Trump can complain about the Strait. But complaining and blockading are different. The last US president who tried anything serious with Iran (the JCPOA withdrawal in 2018) ended up watching Iran accelerate its nuclear program anyway. So when Trump says Iran’s “doing a very poor job,” what’s the implied threat? More sanctions? Those didn’t work last time. Military action? He’s got Israel already doing that. A new negotiation? Iran just said they won’t show up unless the ceasefire extends to Lebanon, which Trump’s pushing Israel not to agree to.

Trump’s not wrong that Iran’s the problem. He’s wrong that complaining about it creates leverage. It just signals that the US doesn’t have a plan.

The Unresolved Question

Here’s what I genuinely don’t know: whether Iran’s hardening its stance (no Lebanon ceasefire, no US talks) because it’s confident or because it’s weakening and trying to save face.

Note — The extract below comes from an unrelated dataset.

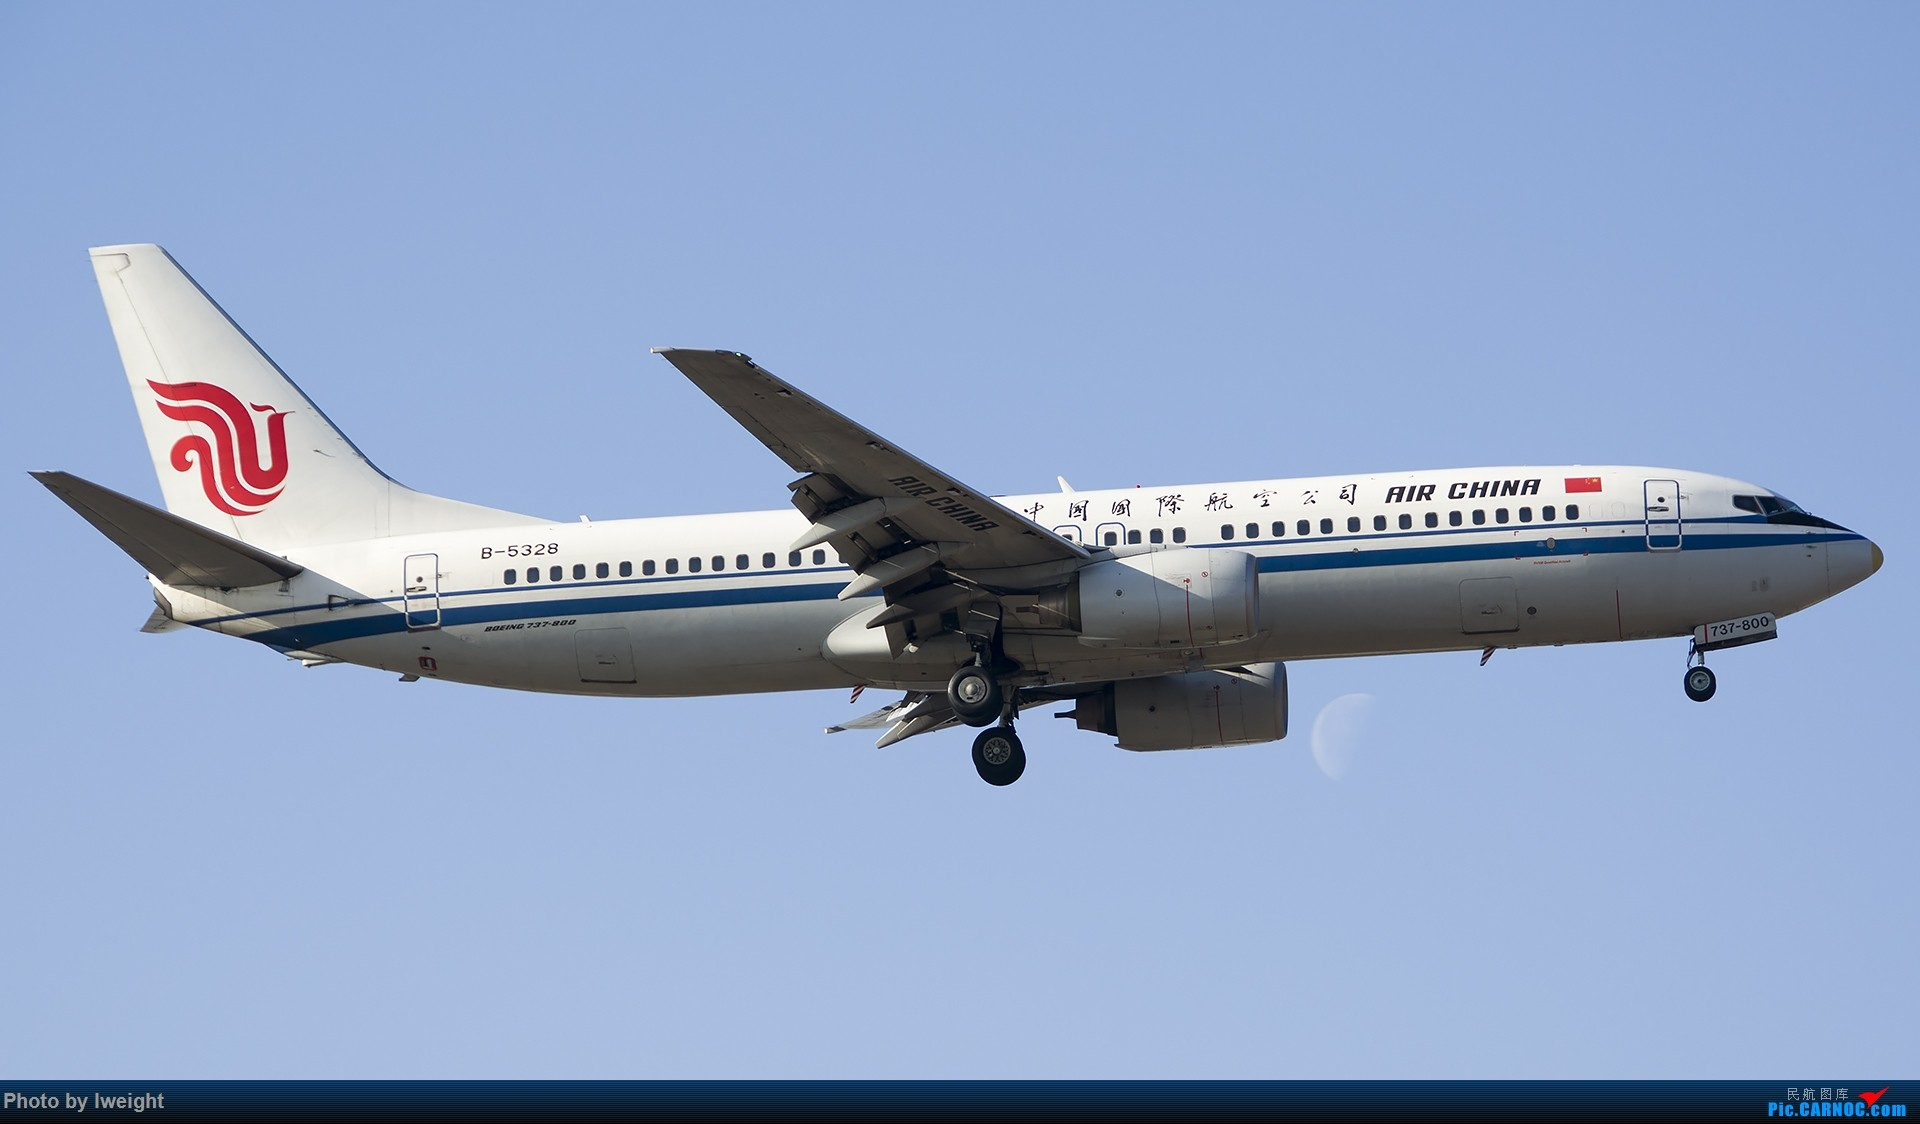 Re:[原创]庆祝升级777,发上今天在首都机场拍的所有飞机【2014-12-14】 BOEING 737-800 B-5328 中国北京首都国际机场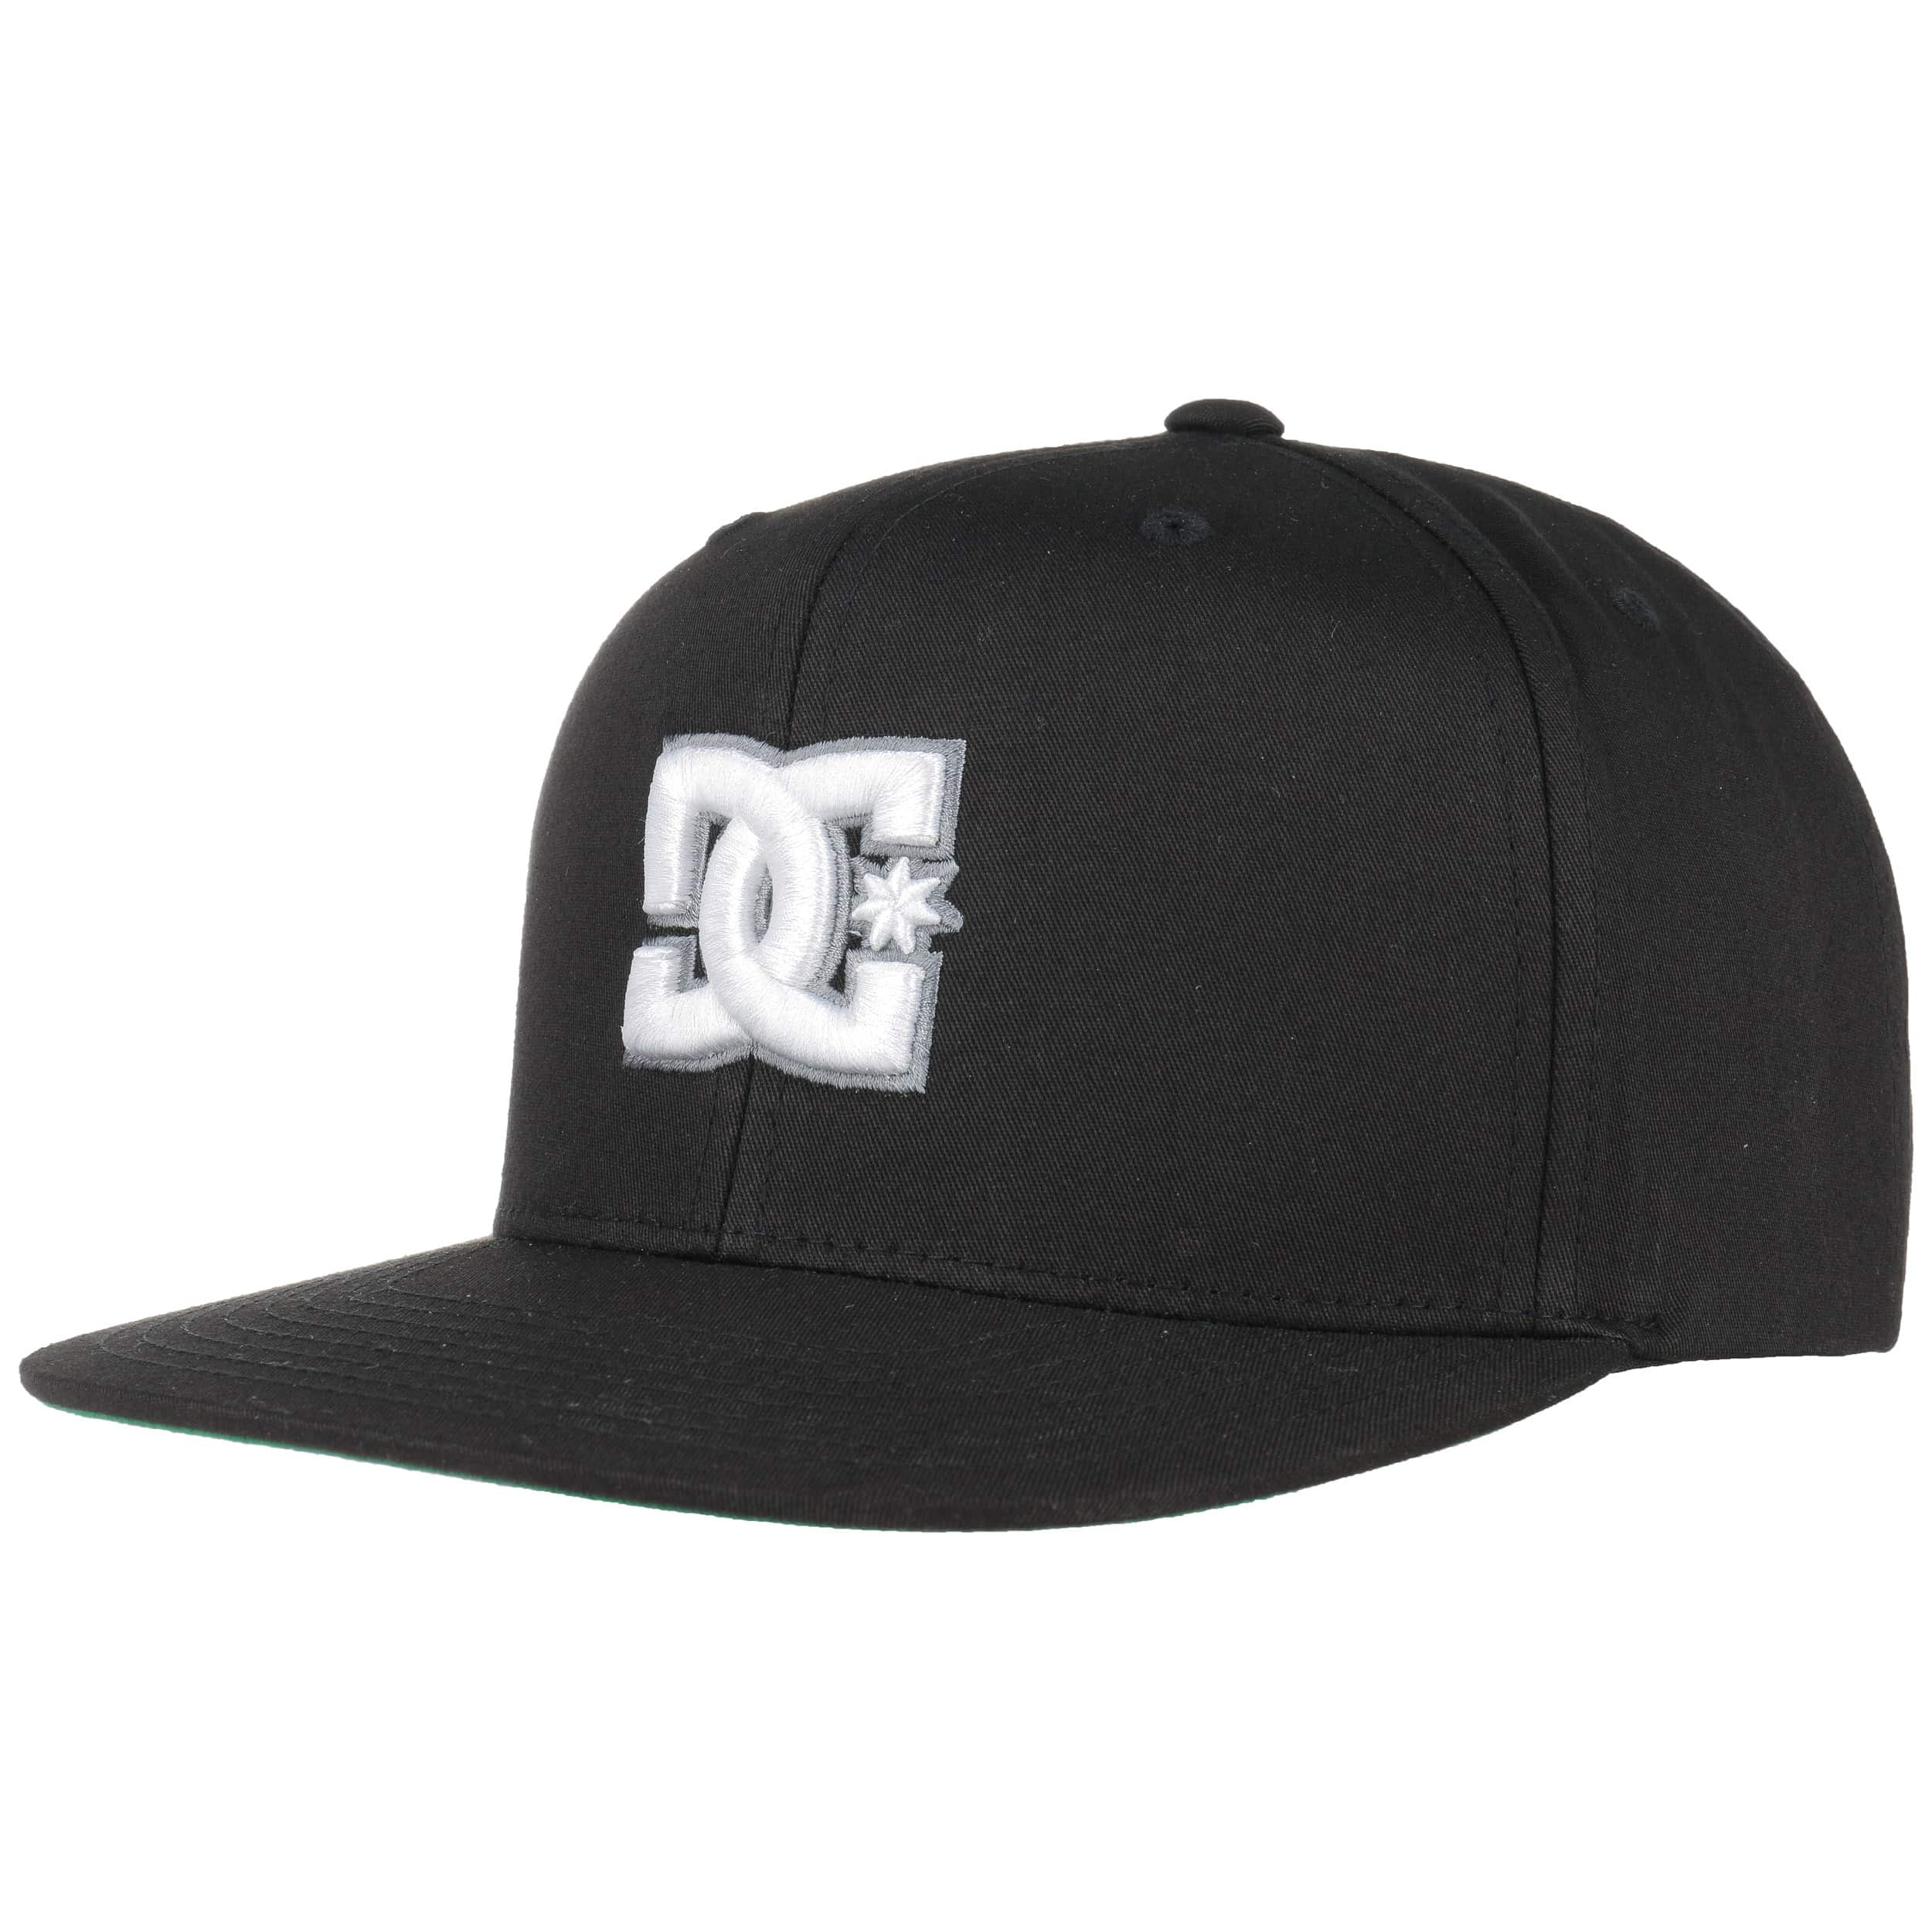 Gorra Snapback Snappy by DC Shoes Co - Gorras - sombreroshop.es cd876256058

If Hezbollah’s more damaged than public reporting suggests, Iran might be raising the price of negotiations as a way to claim victory before pulling back. If Hezbollah’s actually intact and the resistance axis feels strengthened, Iran might be confident enough to demand more.

That ambiguity matters because it determines whether we’re looking at a slow negotiation (confidence scenario) or a slow collapse (weakness scenario). And those look identical from the outside for about three months.

What I’m Watching

  • Iran’s next move after the Orthodox Easter truce ends (April 13-14): If Iran escalates immediately, we know the ceasefire was just buying time. If they extend quietly, they might be negotiating room privately. The specific target (military, civilian, symbolic) will tell you whether it’s signaling or escalating.

  • Whether Lebanon actually negotiates with Israel, or uses Iran’s demands as cover to avoid the table: If Lebanon shows up to talks despite Iran’s condition not being met, they’ve chosen Israel over Tehran. That’s a fracture in the resistance axis. If they don’t show up, the axis holds but the ceasefire collapses.

  • Strait of Hormuz traffic patterns through May: Watch whether neutral countries start routing around Iran (longer routes, higher costs) or whether they’re making side deals with Tehran. That tells you whether Trump’s pressure is working or whether Iran’s actually solidifying its position.

  • Xi’s next move on Taiwan after this opposition leader visit: If he invites the KMT leader back or reaches out to other opposition figures, he’s building a cross-strait negotiation channel. That’s the temperature dropping. If he doesn’t follow up, this was just theater.

The Middle East right now is a ceasefire where nobody stopped fighting and nobody started talking. That’s not sustainable. Something breaks in the next eight weeks.